1. First term and common difference of an A. P. are 6 and 3 respectively; find \(S_{27}\). March ’20
Solution:

Here,
\(a = 6, d = 3, S_{27} =  ?\)

 \(\displaystyle S_n = \frac {n}{2}\left[\bbox[white, 5pt, border: 3px solid red]{\ 2a\ }+ (n - 1)d\right]\)

∴ \(\displaystyle S_{27} = \frac {27}{2}\left[12 + (27 - 1)\bbox[white, 5pt, border: 3px solid red]{3}\right]\)

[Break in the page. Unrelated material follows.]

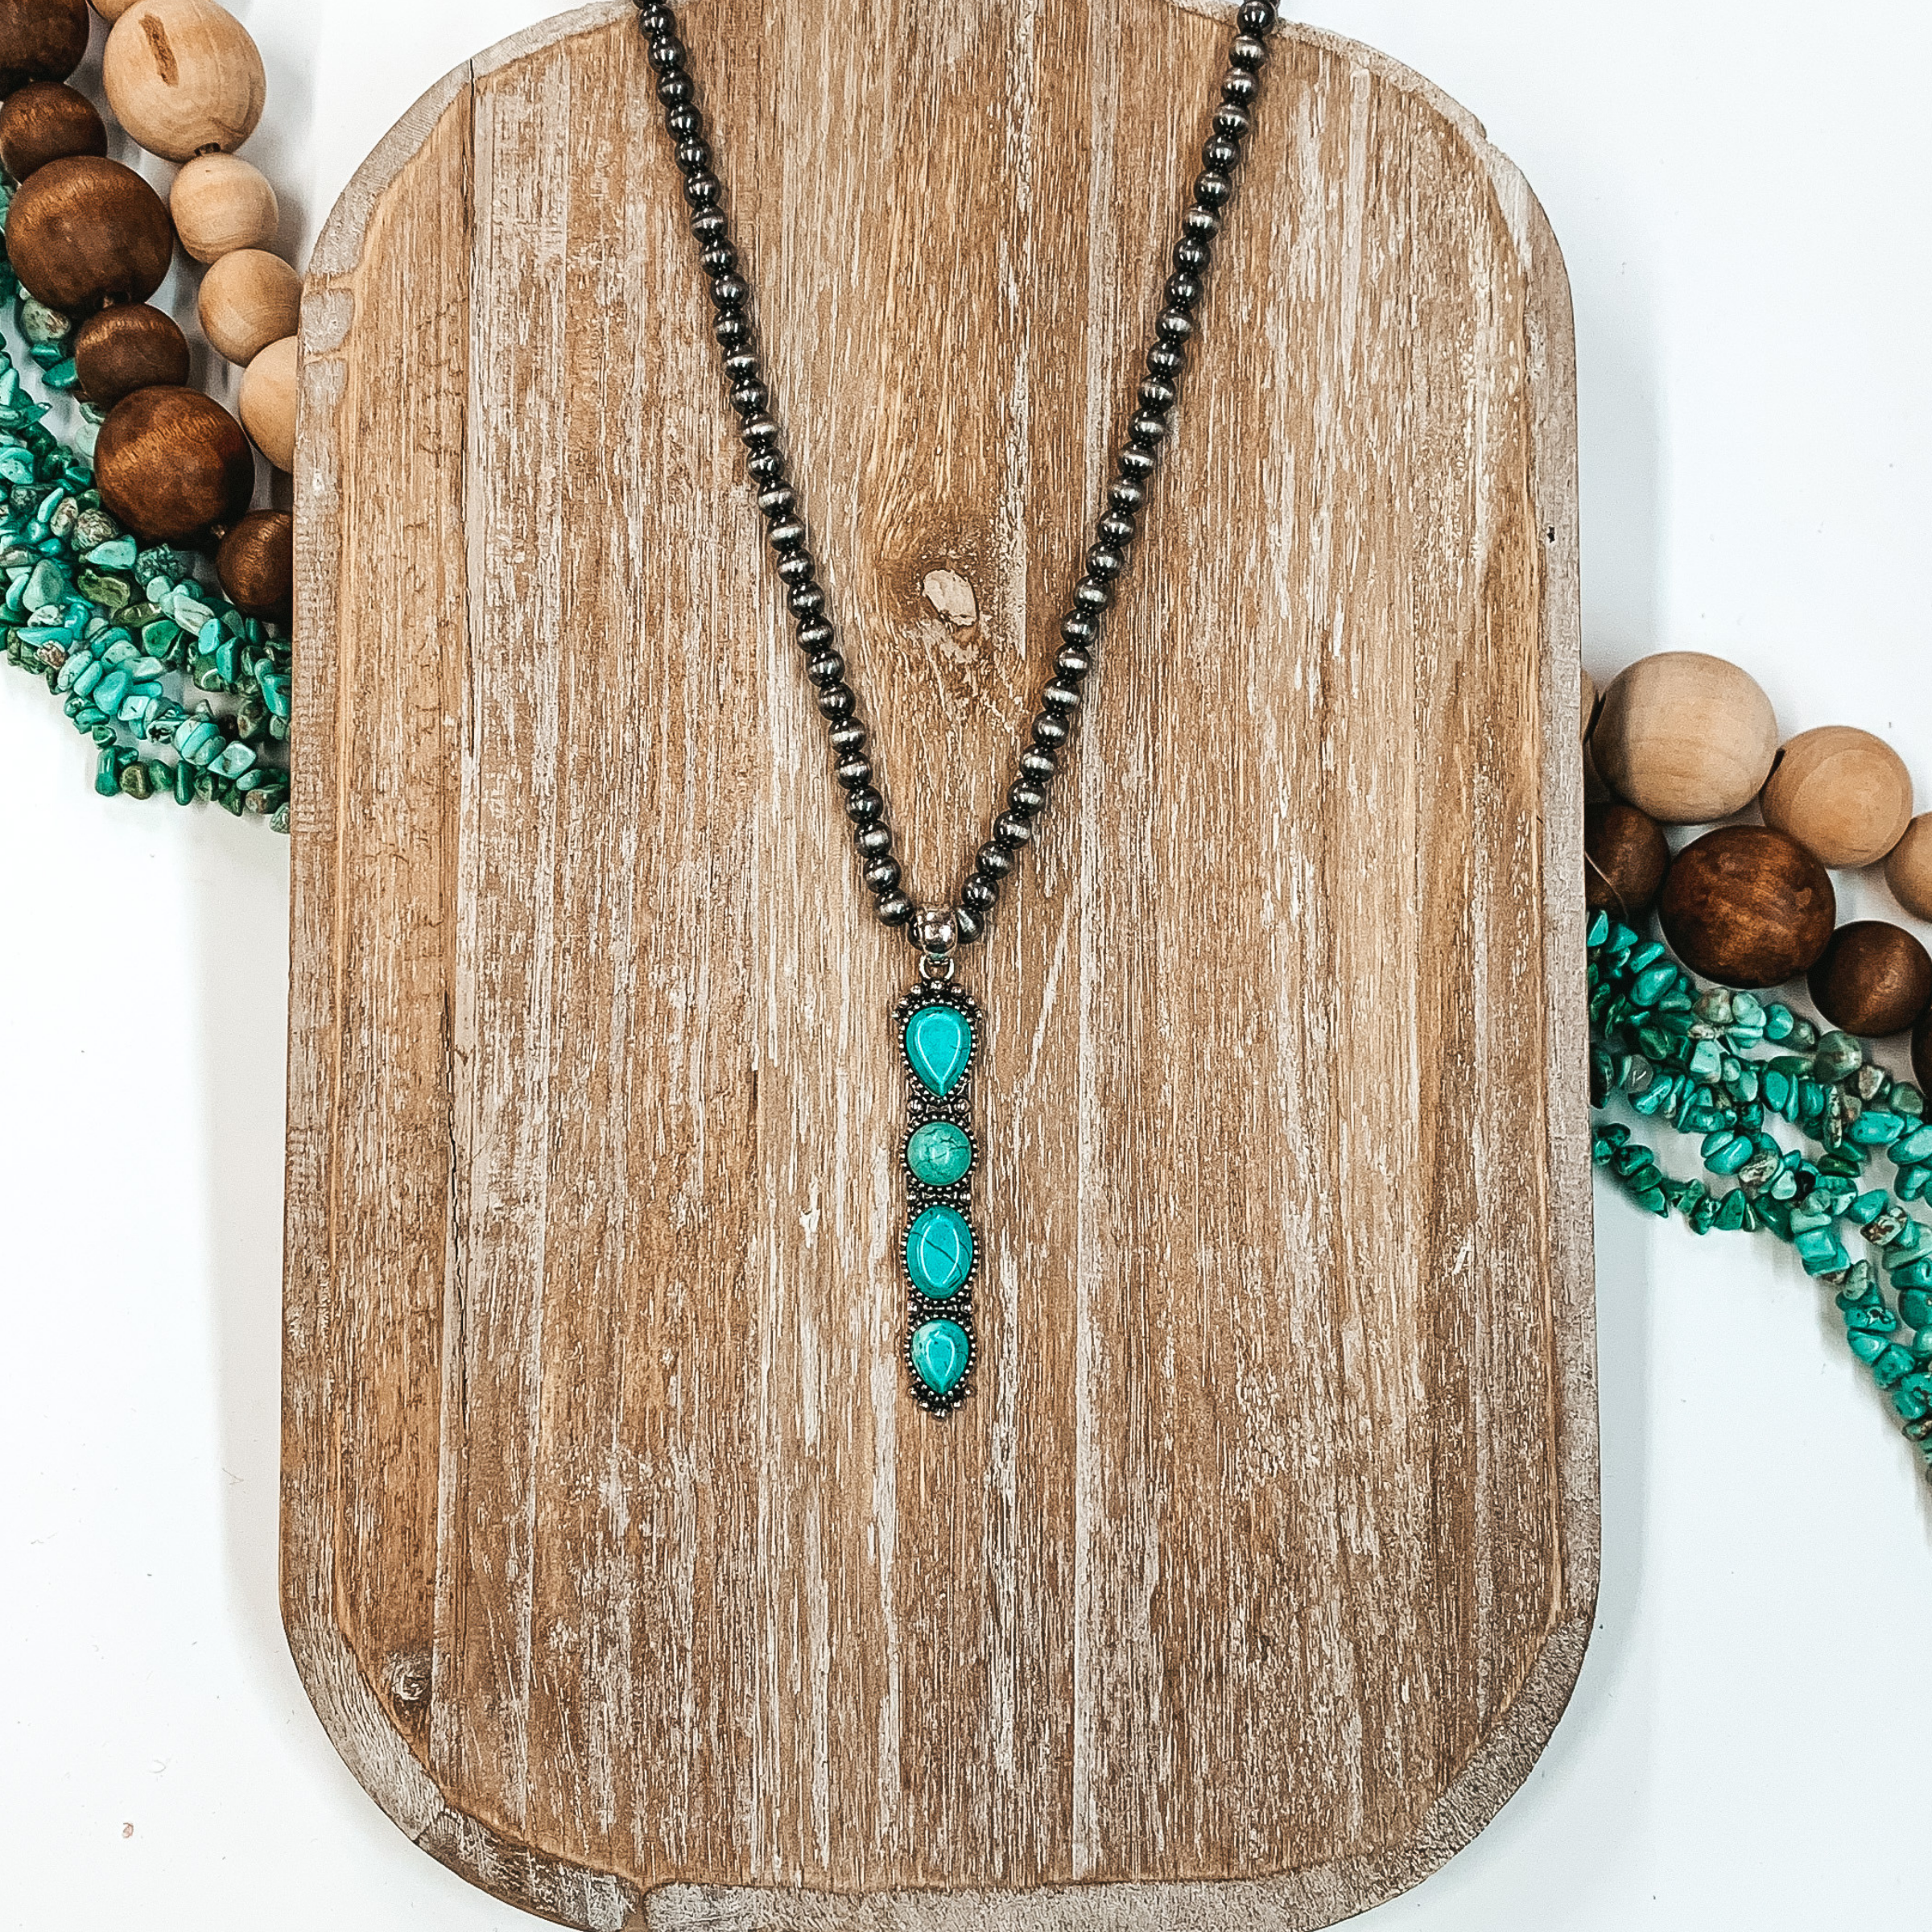 Lariat Inspired Pendant Necklace in Turquoise - Giddy Up Glamour Boutique

   \(\displaystyle = \frac {27}{2}\times \bbox[white, 5pt, border: 3px solid red]{90}\)

    \(= 27 \times 45 = \bbox[white, 5pt, border: 3px solid red]{1215}\)


2. Find the sum of first 123 even natural numbers.
Solution:

Here,
\(a = 2, d = 2,\)
\(n = 123, S_{123} = ?\)

Now,
 \(\displaystyle S_n = \frac {n}{2}[2a + (n - 1)d]\)

∴ \(\displaystyle S_{123} = \frac {123}{2}[2 \times 2 + (123 - 1) \times 2]\)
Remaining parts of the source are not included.